Sight is a key factor in enabling robots to assist humans in their everyday lives. Equipped with various sensor systems, they not only detect objects, but also precisely measure their alignment and position. The technology is by now so advanced that robots are even able to view an object down to its molecular level – and so see much more than their human model, the eye.
In order to assist people as flexibly and autonomously as possible, a robot must be able to recognise objects and detect their exact position. Only in that way can it conceivably execute commands such as “bring the glass”, or “hold the component”. To achieve those goals, robot manufacturers are employing the full range of sensors that are familiar from the industrial image processing field – from ultrasonic sensors to laser scanners.
The main systems in use, however, are various types of cameras. Even “simple” 2D solutions enable contours to be traced and objects identified. They come up against their limits, however, when items are stacked in an undefined way. And with just “one eye” it is impossible to gather height data – yet that is important for a robot in order to pick up an object and to judge the position of its own gripper relative to the object.
Seeing in three dimensions
That is why – as robots become increasingly flexible and mobile – systems providing a three-dimensional view are gaining in significance. One method frequently employed nowadays to provide robots with such 3D vision is based on nature: Like a human being, the machine has two eyes in the form of two offset cameras. Both cameras capture the same image, but owing to the offset their perspectives are different. An electronic evaluation unit in the stereo camera calculates the distance to the viewed object by way of this parallax shift. At present, camera systems use either CCD or CMOS sensors to capture the light signals. The trend is shifting clearly towards CMOS sensor technology, however. It is virtually glare-free, features high temperature resistance and low power consumption, while offering comparable image quality, and is also cheaper to produce.
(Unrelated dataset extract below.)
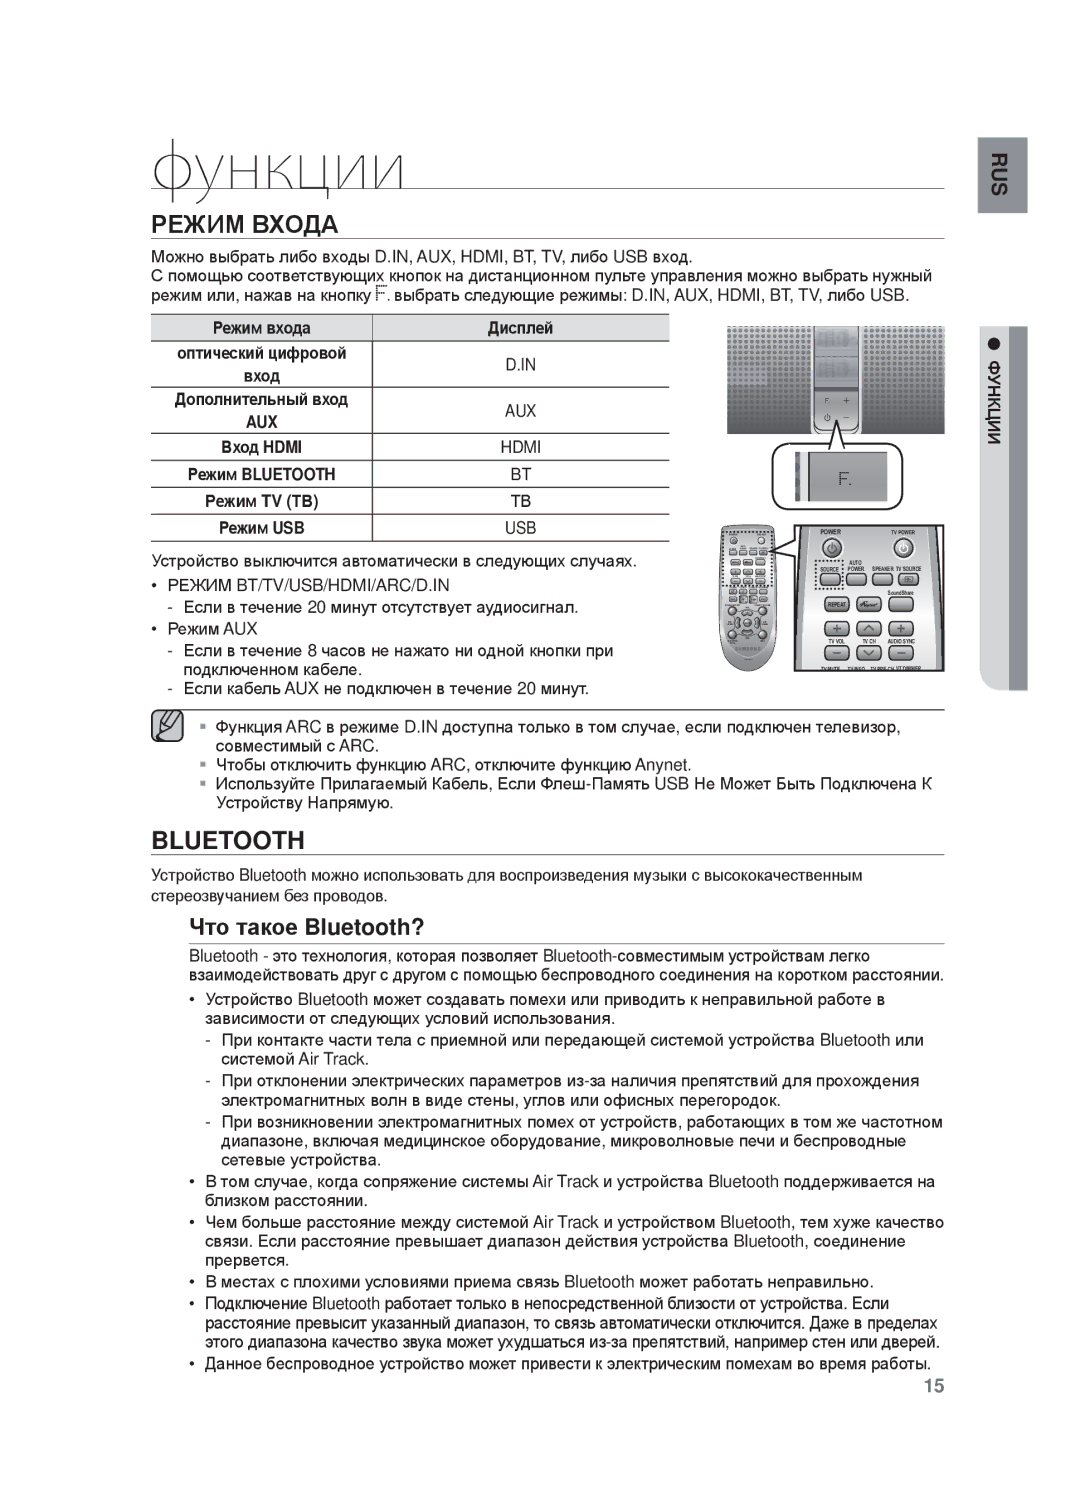 Samsung HW-F750/RU manual ɊȿЖИɆ ȼɏɈДȺ, Чтɨ тɚкɨɟ Bluetooth?, Ɋɟжим вɯɨдɚ Диɫплɟɣ Ɨптичɟɫкиɣ цифɪɨвɨɣ, ФУɇКЦИИ 
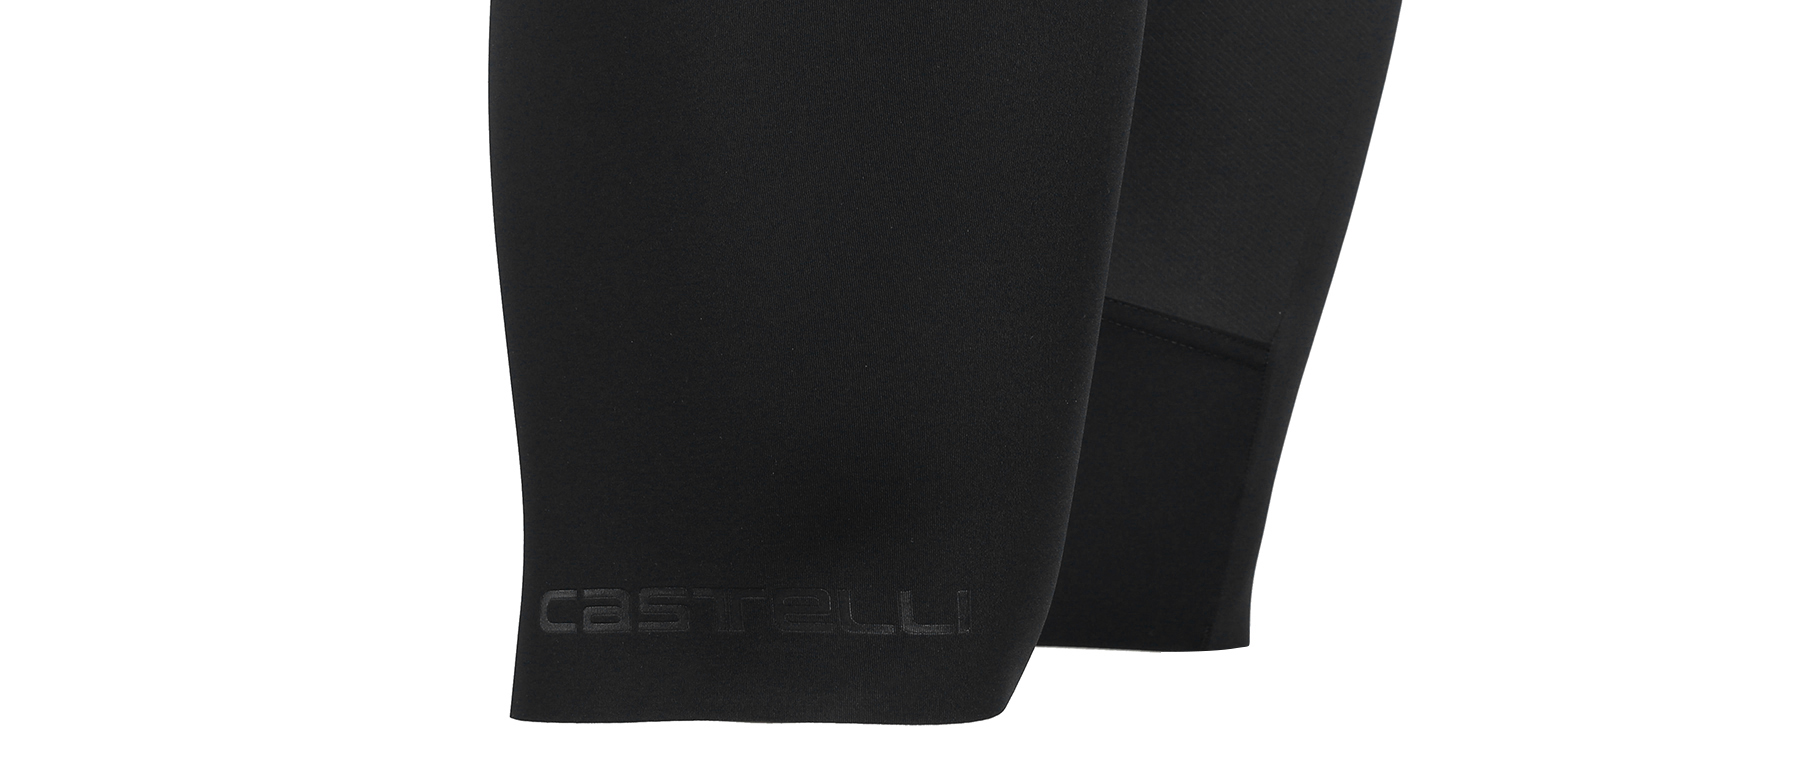 Castelli Free Aero RC W Bib Shorts

Measuring and imaging in one
Three-dimensional imaging by stereo camera is complex and costly, however. So ToF (Time-of-Flight) technology is increasingly being used to provide robots with 3D vision. For this, a sensor chip both captures the image of an object and at the same time measures how far away it is. The core feature of ToF technology is that it measures the time the light takes to travel from the source to the object and back to the camera. The sensors used thus deliver two data types per pixel: an intensity value (grey scale) and a distance value (depth of field). This results in a pixel cloud comprising several thousand pixels, depending on the chip, from which the associated software can very precisely compute the nature and distance of an object. The cameras have their own active exposure unit which emits laser or infrared light. This means ToF systems are independent of the ambient light. As opposed to 3D stereo imaging, the distance is not calculated. Instead, an exact measurement is performed pixel by pixel. This means that ToF cameras work at very high speed. The resolution of the resultant image is lower than from stereo cameras, however. Consequently, ToF systems are frequently coupled with stereo systems in order to utilise the benefits of both, and produce an optimally dense and exact depth map. State-of-the-art camera systems also enable motion vectors to be captured. To do this, the position of a structure in two consecutively captured images is compared by software in order to obtain movement data.
Faster with micro-mirrors
Another method utilises the attributes of MEMS technology: DLP (Digital Light Processing) systems consist of a chip with several million microscopically small mirrors. Each micro-mirror is less than one fifth the width of a human hair. Each mirror can be activated individually, switching several thousand times per second. This means a precisely structured light pattern can be reflected onto an object from a light source. By projecting a series of such light patterns onto an object, and recording the distortion of the light by the object using sensors or cameras, a very detailed 3D pixel cloud can be created. Thanks to their high switching speed, the large number of grey scales and the ability to capture light in the visible range as well as in the UV and infrared range, 3D solutions for optical measurement using DLP technology are faster and more precise than the conventional solutions.
Viewing chemical properties
3D systems featuring hyperspectral image processing are also relatively new innovations. They use more than 100 different wavelengths to analyse an object. Broken down into their spectra, they are reflected differently by each material with its specific chemical and molecular properties. So every object has a specific spectral signature; a unique fingerprint based on which it can be identified. This enables really profound insights down to the molecular level of an object. In achieving this, robots have surpassed their role model – because for humans X-ray vision is still science-fiction.